An executable lexer of PFCS.
This is a simple lexer for the PFCS lexical grammar. Efficiency is not the primary focus for now; correctness and simplicity are. In the future, we may optimize this lexer, or we may use APT to do so.
Note that the lexical grammar for PFCS consists of a subset of ASCII characters that is also a subset of Unicode characters that UTF-8 encodes in a single byte. However, some of this lexer code is written to support the possibility of future concrete syntax that is UTF-8 encoded as multiple bytes. Hence the references to "Unicode characters".
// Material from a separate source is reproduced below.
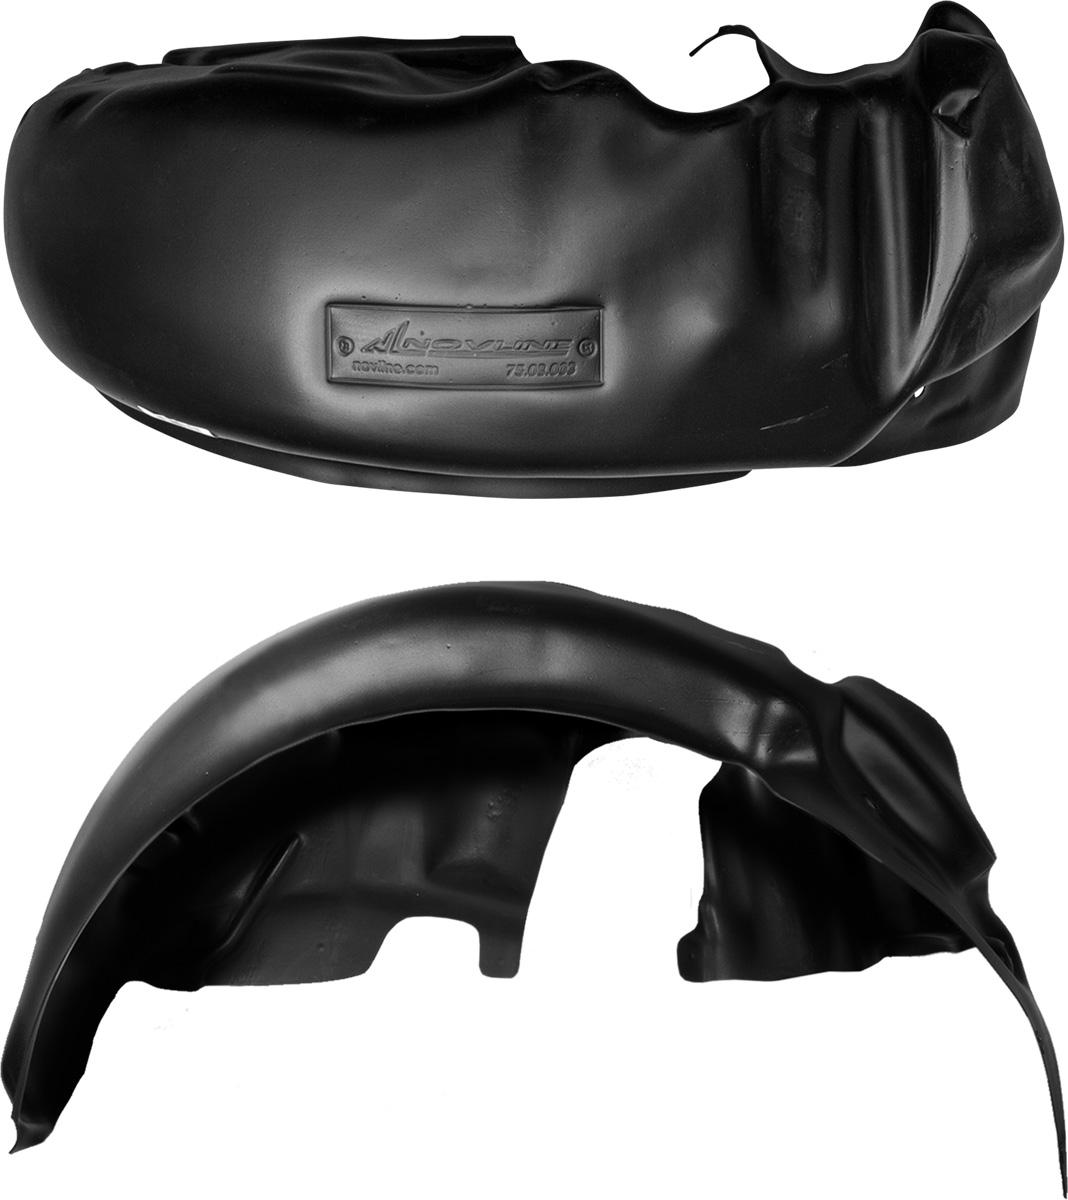 Подкрылок RENAULT Logan, 2014->, задний правыйCA-3505Колесные ниши – одни из самых уязвимых зон днища вашего автомобиля. Они постоянно подвергаются воздействию со стороны дороги. Лучшая, почти абсолютная защита для них - специально отформованные пластиковые кожухи, которые называются подкрылками, или локерами. Производятся они как для отечественных моделей автомобилей, так и для иномарок. Подкрылки выполнены из высококачественного, экологически чистого пластика. Обеспечивают надежную защиту кузова автомобиля от пескоструйного эффекта и негативного влияния, агрессивных антигололедных реагентов. Пластик обладает более низкой теплопроводностью, чем металл, поэтому в зимний период эксплуатации использование пластиковых подкрылков позволяет лучше защитить колесные ниши от налипания снега и образования наледи. Оригинальность конструкции подчеркивает элегантность автомобиля, бережно защищает нанесенное на днище кузова антикоррозийное покрытие и позволяет осуществить крепление подкрылков внутри колесной арки практически без дополнительного крепежа и сверления, не нарушая при этом лакокрасочного покрытия, что предотвращает возникновение новых очагов коррозии. Технология крепления подкрылков на иномарки принципиально отличается от крепления на российские автомобили и разрабатывается индивидуально для каждой модели автомобиля. Подкрылки долговечны, обладают высокой прочностью и сохраняют заданную форму, а также все свои физико-механические характеристики в самых тяжелых климатических условиях ( от -50° С до + 50° С).

The lexer consists of a collection of lexing functions, each of which takes a list of natural numbers as input, which represents the Unicode codepoints of characters that remain to lex in the PFCS definition being lexed. Each function returns two results: the first result is either an error or an ABNF tree (or list of trees) for the recognized lexeme(s); the second result is the remaining list of natural numbers after the lexeme. While from a conceptual point of view it would be better for all these lexing functions to return a single result that is either an error or a pair consisting of an ABNF tree or tree list plus remaining inputs, by returning two results we make the execution more efficient by avoiding constructing and deconstructing the pair.
Some of the code of this lexer is generated via the parser generation tools in the ABNF library (where `parser' in that context refers to the general idea of recognizing and structuring strings in a formal language, which also describes what PFCS lexing does). Other code is written by hand, due to limitations in the aforementioned parser generation tools, such as the efficiency of the generated code.